23/01/2021 at 5:14 AM

Taxation of interest income should be abolished. There is no publicly available data as to the quantum of tax collection on this head, cost incurred thereto and net inflows.

Dr Manas R Das

Adam Smith, the Father of Economics and author of The Wealth of Nations propounded four “canons” of taxation. These are:

Ø  Equality meaning tax payments should be proportional to income.

Ø  Certainty meaning tax liabilities should be clear and certain.

Ø  Convenience of payment meaning taxes should be collected at a time and in a manner convenient for taxpayer.

Ø  Economy of collection meaning taxes should not be expensive to collect and should not discourage business.

IT Rules for Interest Income

According to the extant IT rules, interest earned from bank deposits is treated as income and therefore liable for income tax. As for savings bank accounts, interest earned beyond Rs.10,000 during a Financial Year (FY) is taxable. Interest earned on fixed deposits and recurring deposits is fully taxable; it is added to the taxpayer’s income and taxed according to the tax slab she falls in. Besides, banks are allowed to deduct tax at source from the interest subject to certain conditions.

Canon of Equality

Predominantly, the “fixed income earners” starting from factory workers to government employees to retired people save in banks. The “fixed income earners” represent the wide spectrum of ‘middle class’households which represents huge ‘demand’ and keeps the wheels of the economy running.Thus, India’s savings story is driven by the household sector in the form of bank deposits.

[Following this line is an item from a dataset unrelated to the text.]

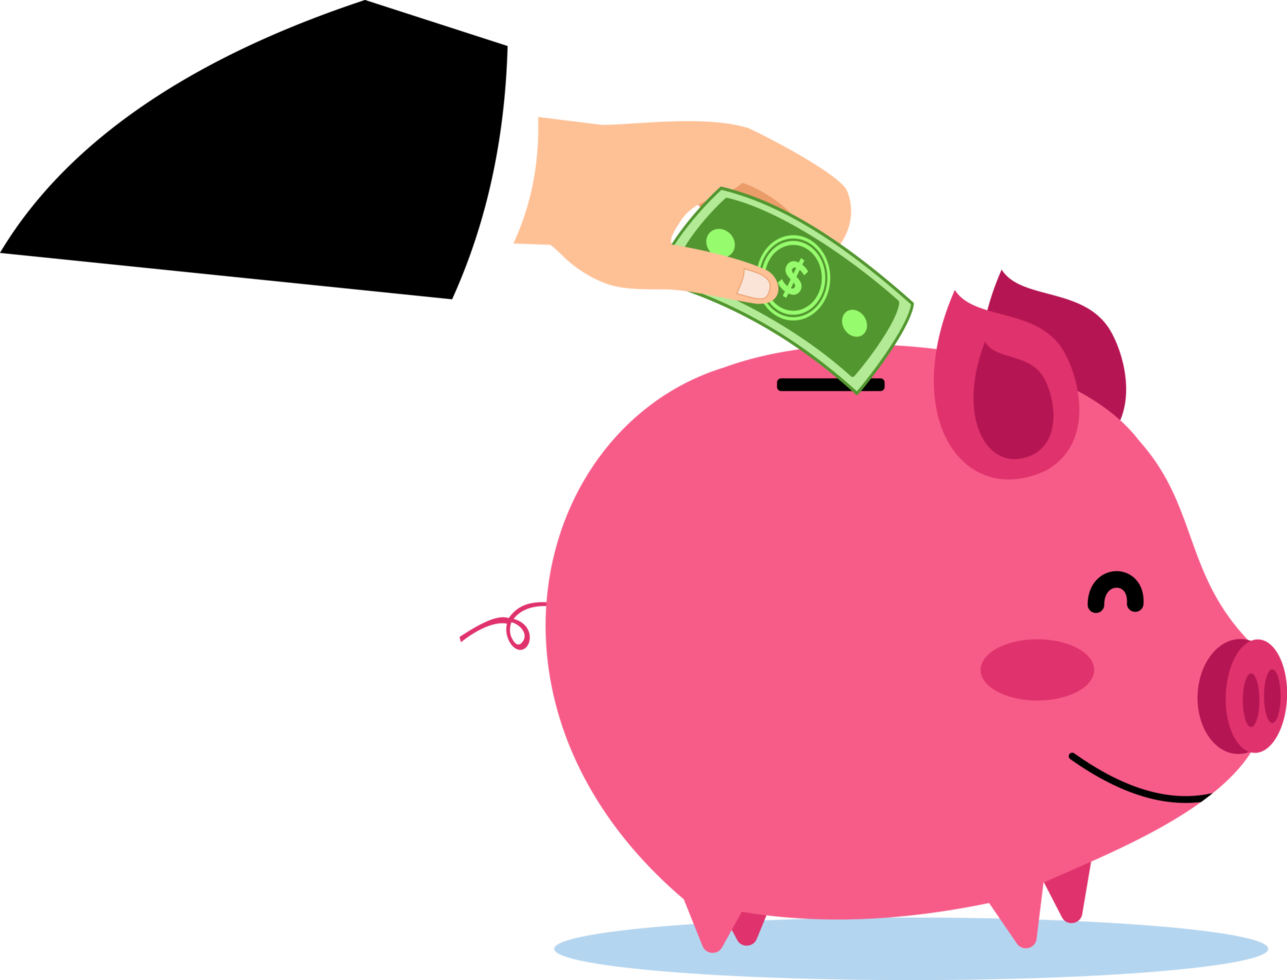 cartoon illustration of a businessman hand putting a dollar bill in a piggy bank. illustration of investing by saving in a piggy bank png

In addition, demographic data reveal that people’s longevity has become longer thanks to rising standard of living. However, several factors have made the old age a painful phenomenon for the middle class. These include, inter alia, (a) high cost of living, (b) inadequate social security schemes, and (c)due to high unemployment many are required to support their children even after retirement. Therefore, taxation of interest income does not quite satisfy the principle of equality.

The principle of equality gains added significance when inflation erodes interest income. Notably, for the middle class, the propensity to consume is high, and today, rates of interest offered by banks are too meagre to yield an adequate positive ‘real’ return on deposits. Thus, the tax exacerbates the middle class’s owes of low ‘real’ return on bank deposits.

Canon of Certainty

No doubt, the IT rules have over time become less ambiguous and more transparent, and the procedures simpler too. However, as far as taxing interest income is concerned, two ambiguities remain. First, the interest earned in a FY,besides being taxed in that year, is added to the account holder’s deposits under the compound interest rate regime and becomes again liable for taxation in the subsequent years. Second, interest earned is taken for taxation on accrual basis, not on realization basis, i.e., depositors do not withdraw the interest accrued for current consumption except in the case of Monthly Income Schemes or premature closure of the account.

Moreover, despite significant improvements over time, it still takes a fairly long time to get refund from the IT Department if the bank deducts more tax at source, and in the meantime, the depositor suffers opportunity loss.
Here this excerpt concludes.